I had a dream a few nights ago. After acting in a stage production in the auditorium, I was walking into a large costume warehouse connected to our church to change my clothes. As I walked by large racks of shoes, I saw a favorite, old pair of shoes that I used to wear. I then remembered that there was someone in the auditorium that I felt compelled to see. So I peeked through the main sanctuary doors, and caught a glimpse of the person talking inside. Quickly, I scurried to get changed and meet with this individual. But after changing my clothes~ instead of running to speak with the person I must see~ I went hunting for my old shoes, but I could not find them. I looked through the very large, old shoe racks again and again, upturning every shoe to no avail. Finally, after looking for a long time, I realized that I was missing my opportunity to see the person I was eager to meet. At that point, I ran out through the side lobby doors of the church with the funky pair of black clogs I was wearing, and heard my name called loudly. The great person that I needed to meet called my name and I ran to them, fulfilled.

When I shared the dream with my dad, he told me that the shoes symbolized a pathway that I’m traveling down. And trying to find the “old shoes” is looking for the road that brought me success in the past to determine my actions and outcome in the future. The “person” whom I was compelled to meet, was a symbol of my destiny with Jesus, the place where I need to be.

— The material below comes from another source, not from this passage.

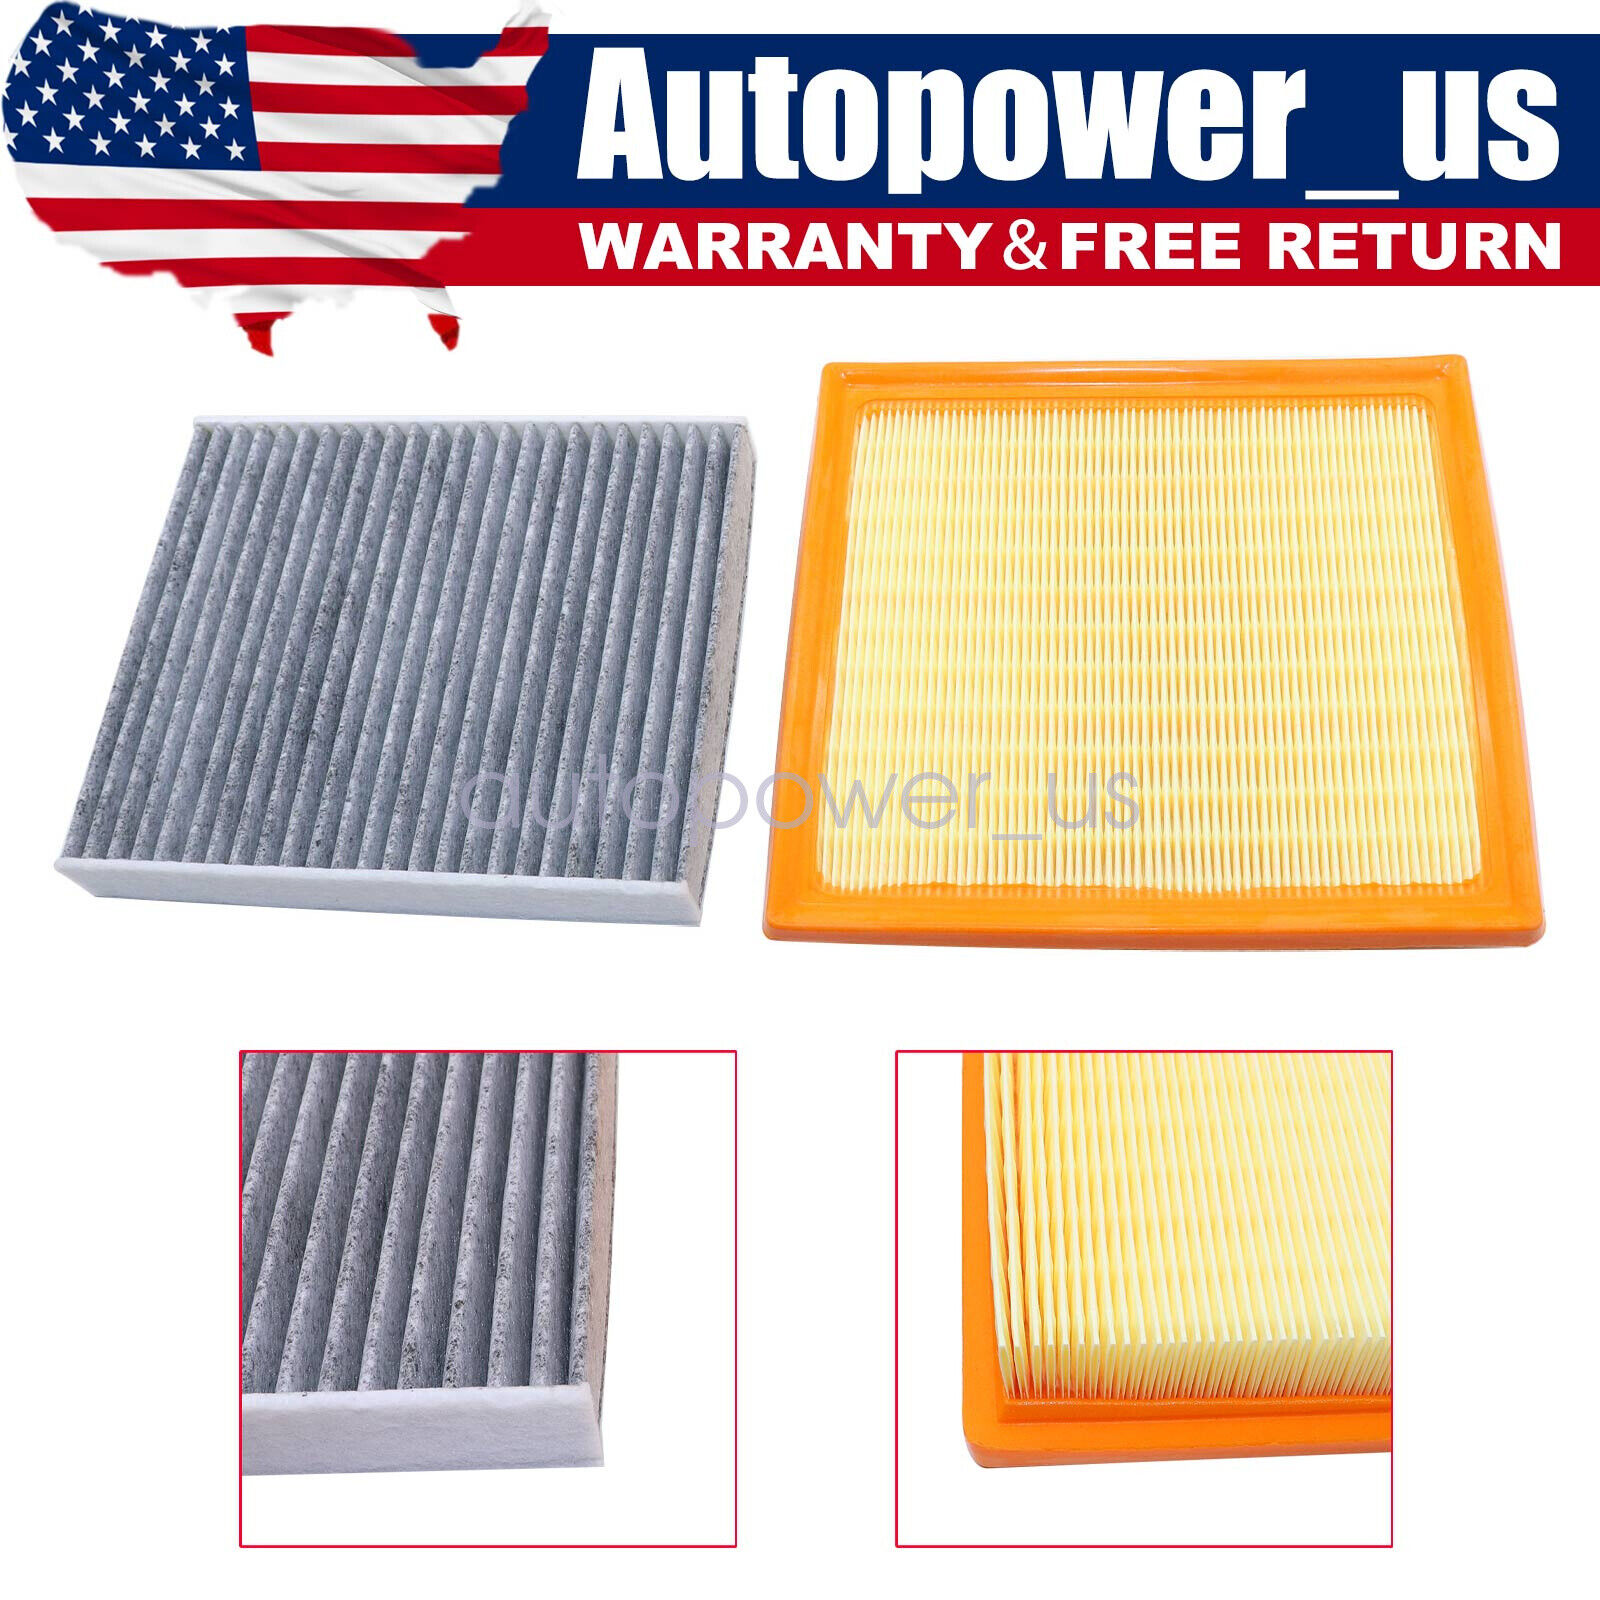 COMBO Air Filter+ CHARCOAL Cabin Filter for NEW IMPREZA ASCENT CROSSTREK OUTBACK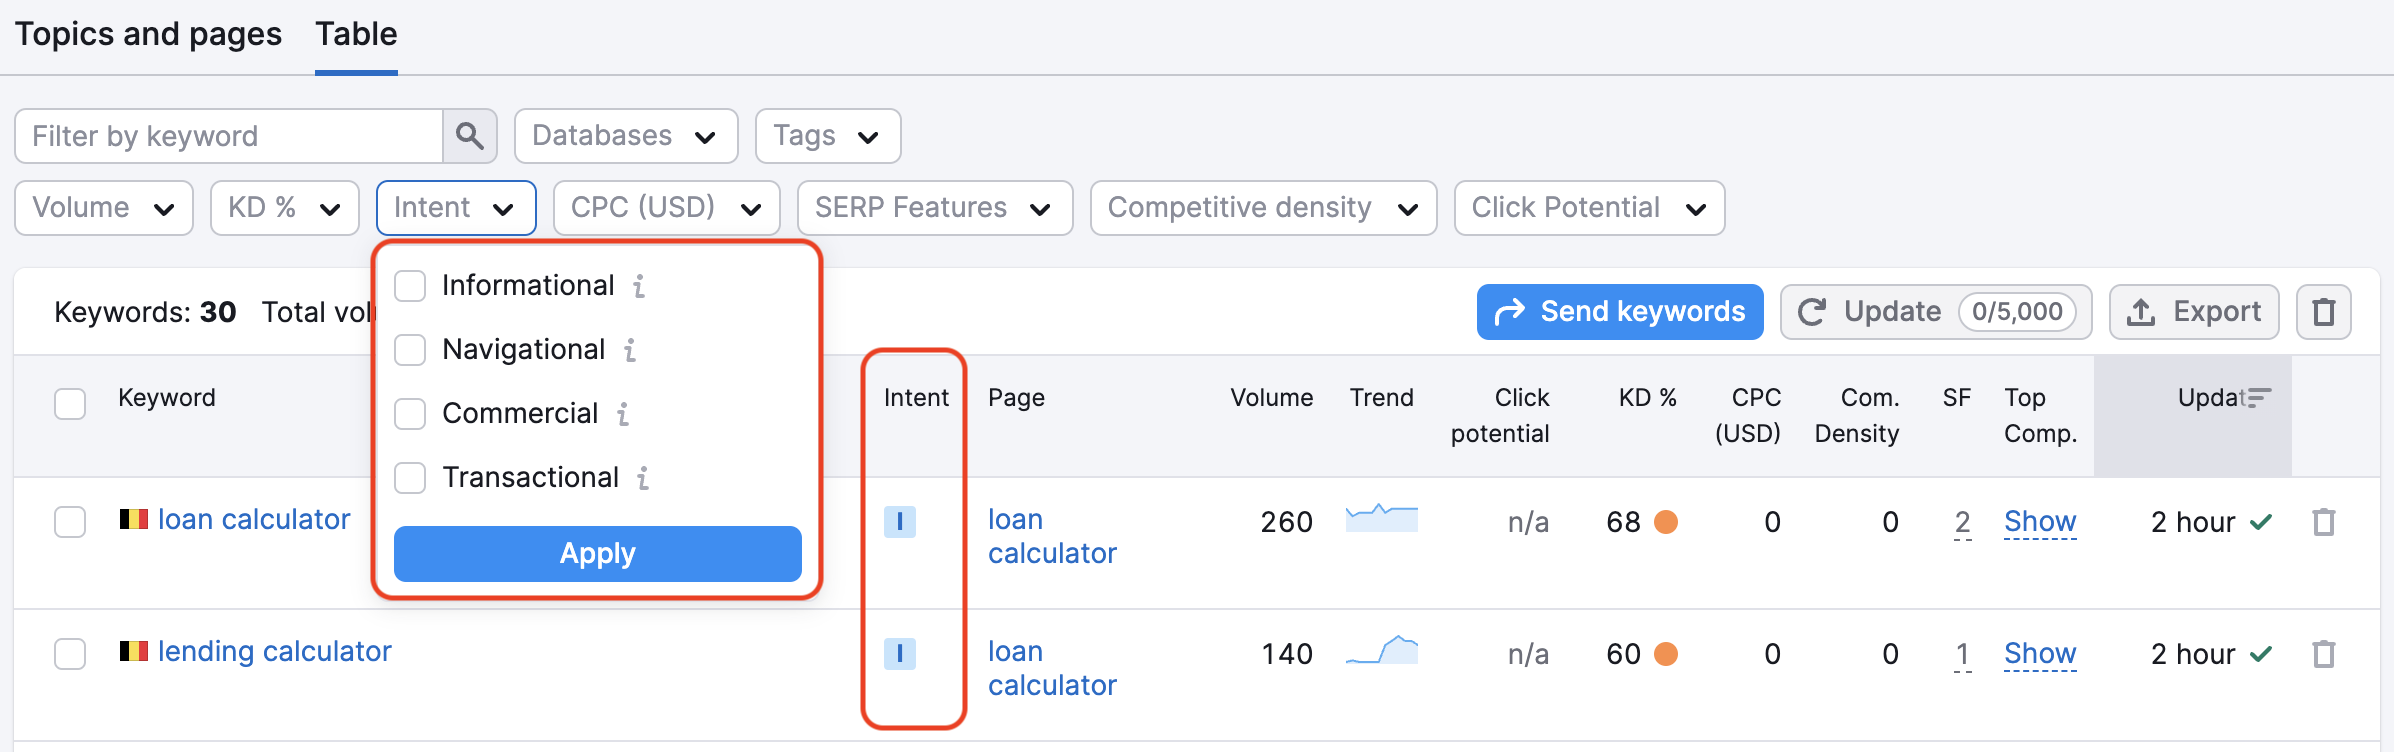 An example of the Table tab in Keyword Strategy Builder with an Intention filter highlighted with red rectangles in the filters menu and in the table with keywords.

I realized what the dream meant!

I have been composing a few new musical pieces at home on my computer. When I started working on these fresh scores two weeks ago, I found some music that I had composed a few years earlier for “The Roman Trilogy.” I began to listen, letting the music that I had worked on long ago influence me now. “The Roman Trilogy” soundtrack that God gave me was great for that time; but now I need to hear the new music from God, letting go of the old. Today, God gave me a new melody line that I was delighted to write down. The more I listen for God~ the more I hear.

It’s time to leave the “old shoes” behind, venturing down an undiscovered path. Time to clear our minds of unnecessary clutter and “good ideas” that distract us from what God is really trying to show us. It’s time to bring out the keyboard and write some heavy tunes for the silver screen.

Yep, it’s time to run into the arms of God~ leaving all else behind~ embracing everything that He has arranged for us to enjoy!

Rocki Gazowsky is the oldest daughter of Richard and Sandy Gazowsky and has worked at Christian WYSIWYG Filmworks for 9 years. She has scored the soundtrack for “The Roman Trilogy” with the Budapest Symphony Orchestra, and is currently working on the score for the theatrical release “Gravity.”

2 Comments

  • Rocki, thank you so much for sharing this!!! I couldn’t help but laugh at your mention of Neiman Marcus, Saks Fifth Avenue, and ebay! I know the feeling of trying to lull my mind with appealing distractions, such as shopping. Quieting my mind before the Lord is an enduring challenge, and yet it is essential.

    Nice picture by the way :-) I miss you!!

    Much Love,
    Brittni

  • Rocki Starr Gazowsky

    Hi Brittni!

    I hope to see you soon. Tell your family that I said “hi.” Have a great, blessed week.